Extended Data Fig. 1 Survival and tumour response data in resectable and advanced disease based on previous subtyping schemes.

a, Survival analysis for resectable (left column) and advanced (right column) patients based on previous Moffitt et al14, Collisson et al15, and Bailey et al16 classification schemes. P-values are from the two-sided log-rank test. b, Waterfall plot of best tumour response assessed by RECIST 1.1 criteria for 66 pancreatic cancer patients on the COMPASS trial based on previous classification schemes. P-values are from the two-sided Wilcoxon rank-sum test.

Extended Data Fig. 2 Gene expression analysis on Hybrid tumours demonstrating that they land on a bene expression continuum.

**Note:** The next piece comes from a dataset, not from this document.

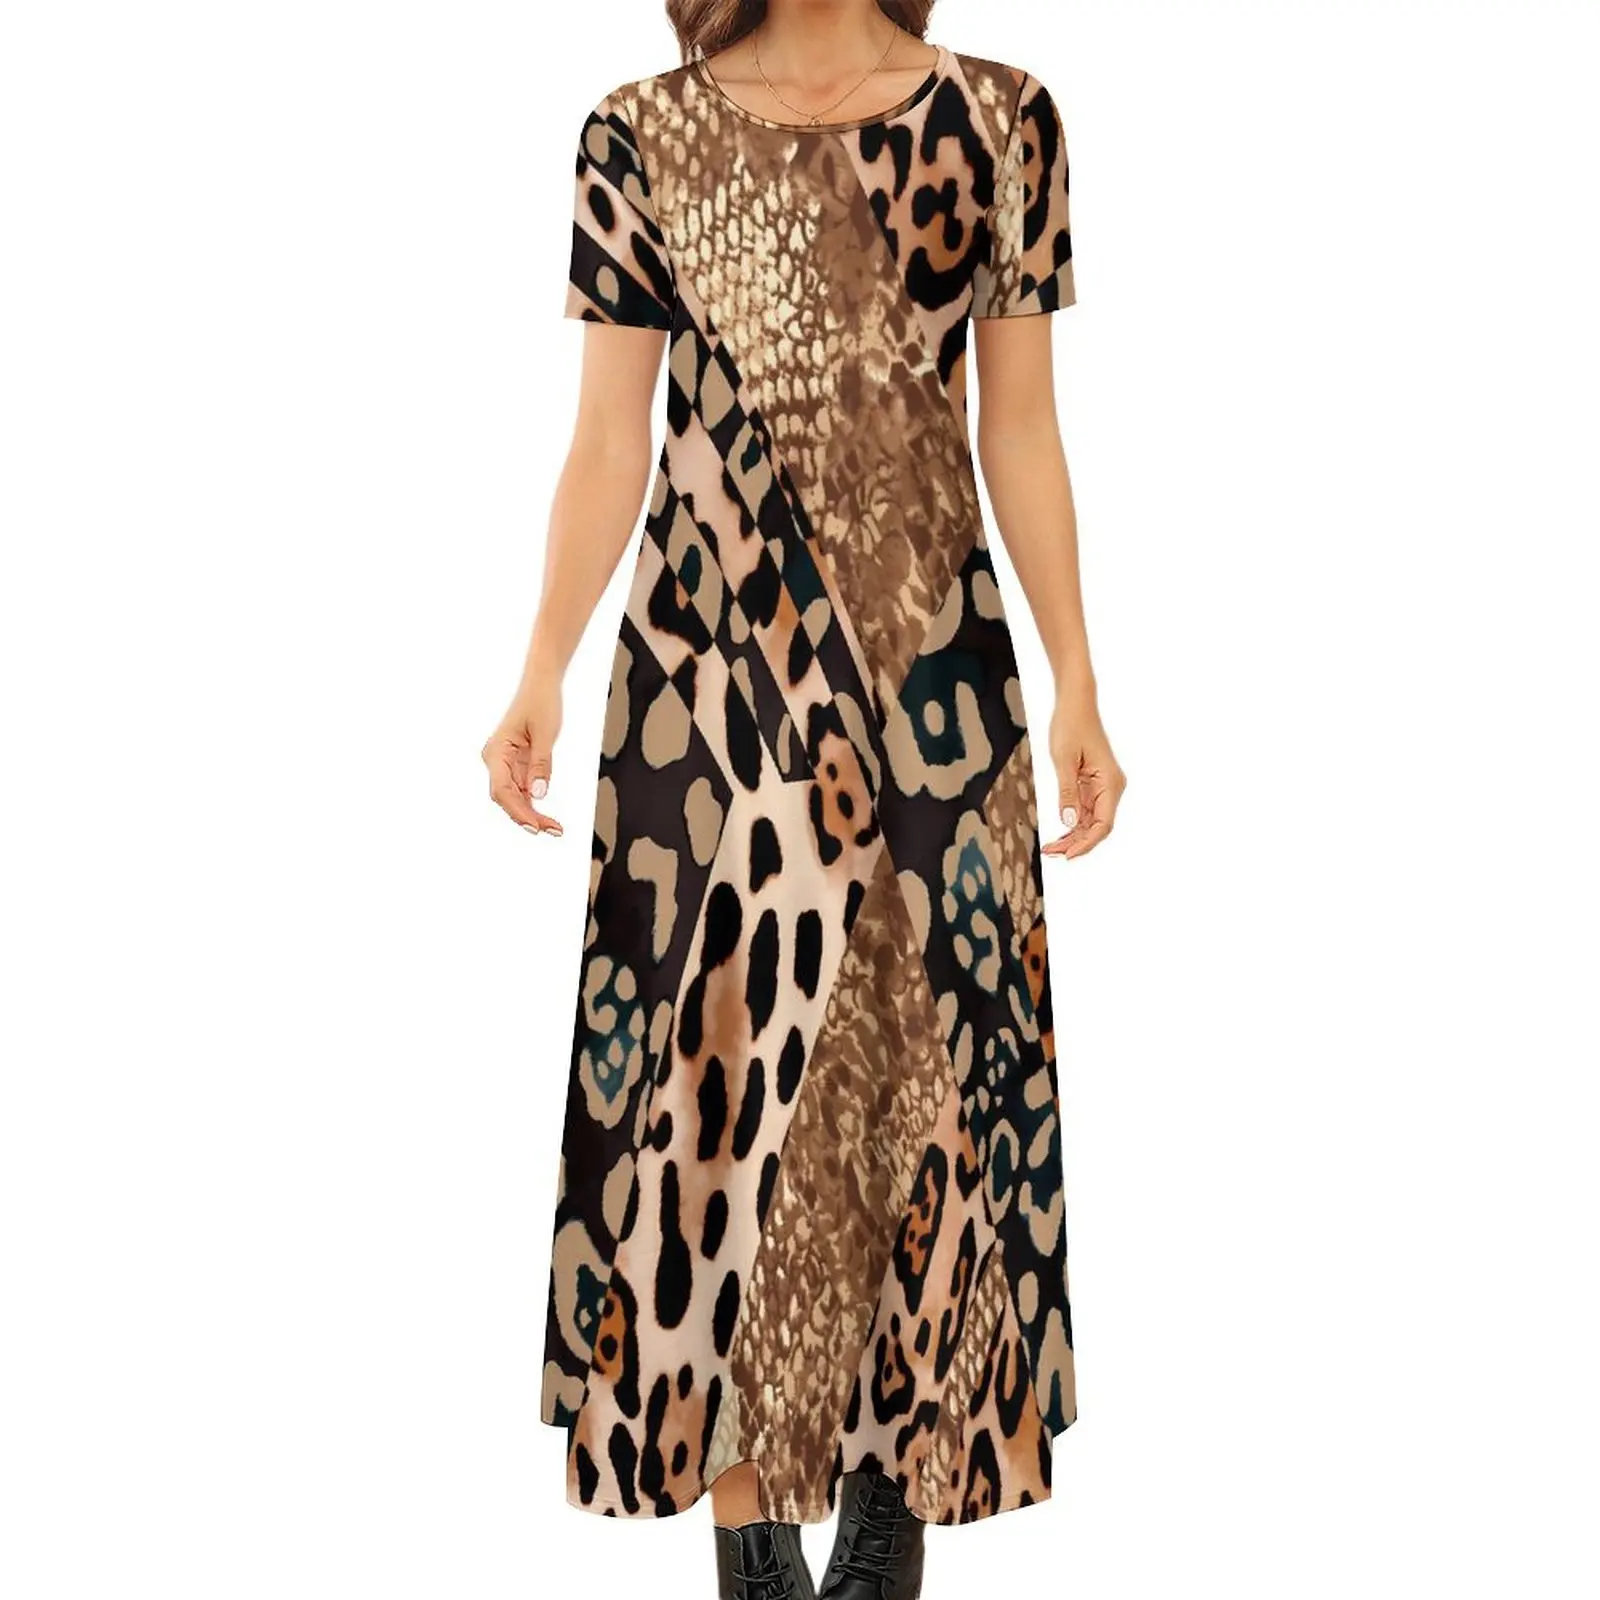 

Abstract Snakeskin Dress Leopard Print Vintage Maxi Dress Women Short Sleeve Street Style Bohemia Long Dresses Big Size 6XL 7XL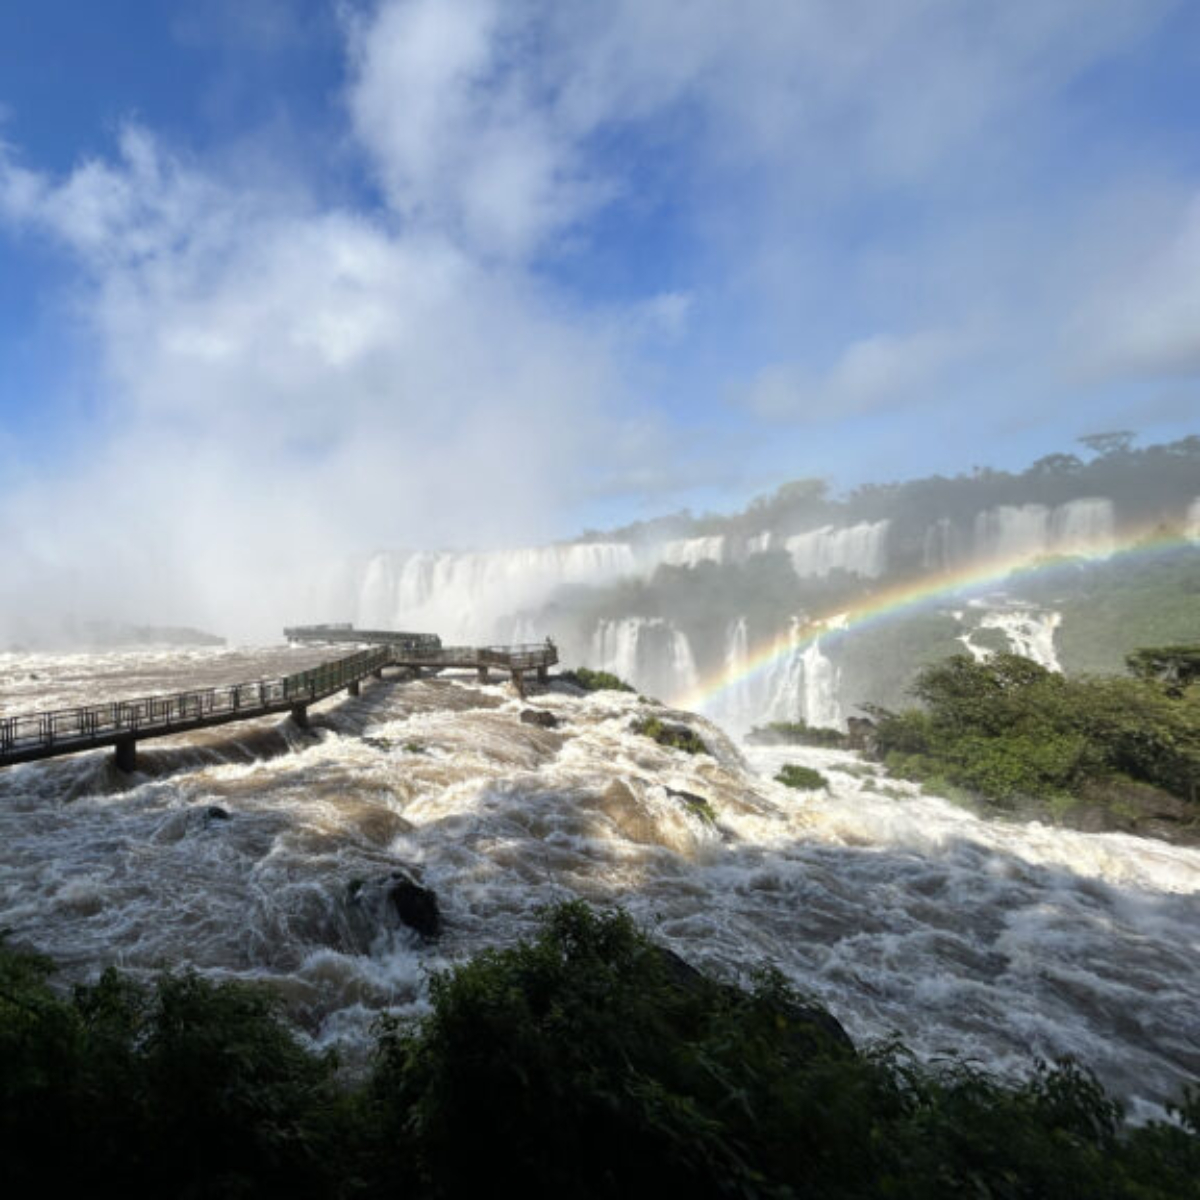  Parque Nacional do Iguaçu, que abriga as Cataratas do Iguaçu, completa 85 anos nesta quarta-feira

a, Only 8 genes were differentially expressed when Hybrids were compared to the rest of the cohort (shown in heatmap). These 8 genes were essentially restricted to a subset of Classical-B tumours. Differentially expressed genes were defined as genes with an adjusted p-value < = 0.05 (two-sided Wald test followed by FDR correction) and absolute log2(fold change (FC)) > = 1. b, Summary table of the number differentially expressed genes identified in hybrids versus each of the other subtypes. Differentially expressed genes were defined as genes with an adjusted p-value < = 0.05 (two-sided Wald test followed by FDR correction) and absolute log2(FC) > = 1. c, Heatmap of upregulated genes in (b) ordered by subtype. The left panel depicts which comparison each gene was upregulated in. d, Venn diagram showing overlap of upregulated genes identified in (b). No genes were commonly upregulated in Hybrids when compared to all other subtypes. e, Boxplots showing the EMT scores across subtypes (Basal-likeA = 27, Basal-likeB = 24, Hybrid = 57, Classical-like-A = 103 and Classical-like-B = 36). p-values are from the two-sided Wilcoxon rank-sum test. Box whisker plots represent median value and the first and third quartiles. The whiskers represent the most extreme point no further than 1.5*IQR.

Extended Data Fig. 3 Survival and chemotherapy response in subtypes from Fig. 1.

a, Survival analysis comparing Basal-like-B and Hybrid tumours to three previous classifications in resectable patients (Basal-like, Moffitt14; quasi-mesenchymal, Collisson15; and squamous, Bailey16). b, Survival analysis for resectable patients based on 5 disease subtypes (Stage I/II; p = 0.0004, two-sided log-rank test). Number of patients in each subtype is shown. c, Survival analysis for advanced patients comparing Basal-like-A (n = 14) versus rest (n = 66) (Stage III/IV; p = 0.12, two-sided log-rank test). d, RECIST waterfall plot for the 66 advanced patients based on 5 disease subtypes. Patients were treated with modified FOLFIRINOX or Gemcitabline/nab-paclitaxel based chemotherapy. P-value is from the two-sided Wilcoxon rank-sum test of Basal-like-A tumours versus rest. e and f, RECIST waterfall (p-value from two-sided Wilcoxon rank-sum test) and survival plots (p-value from two-sided log-rank test) for advanced patients who received e) Modified FOLFIRINOX or f) Gemcitabine-based treatment.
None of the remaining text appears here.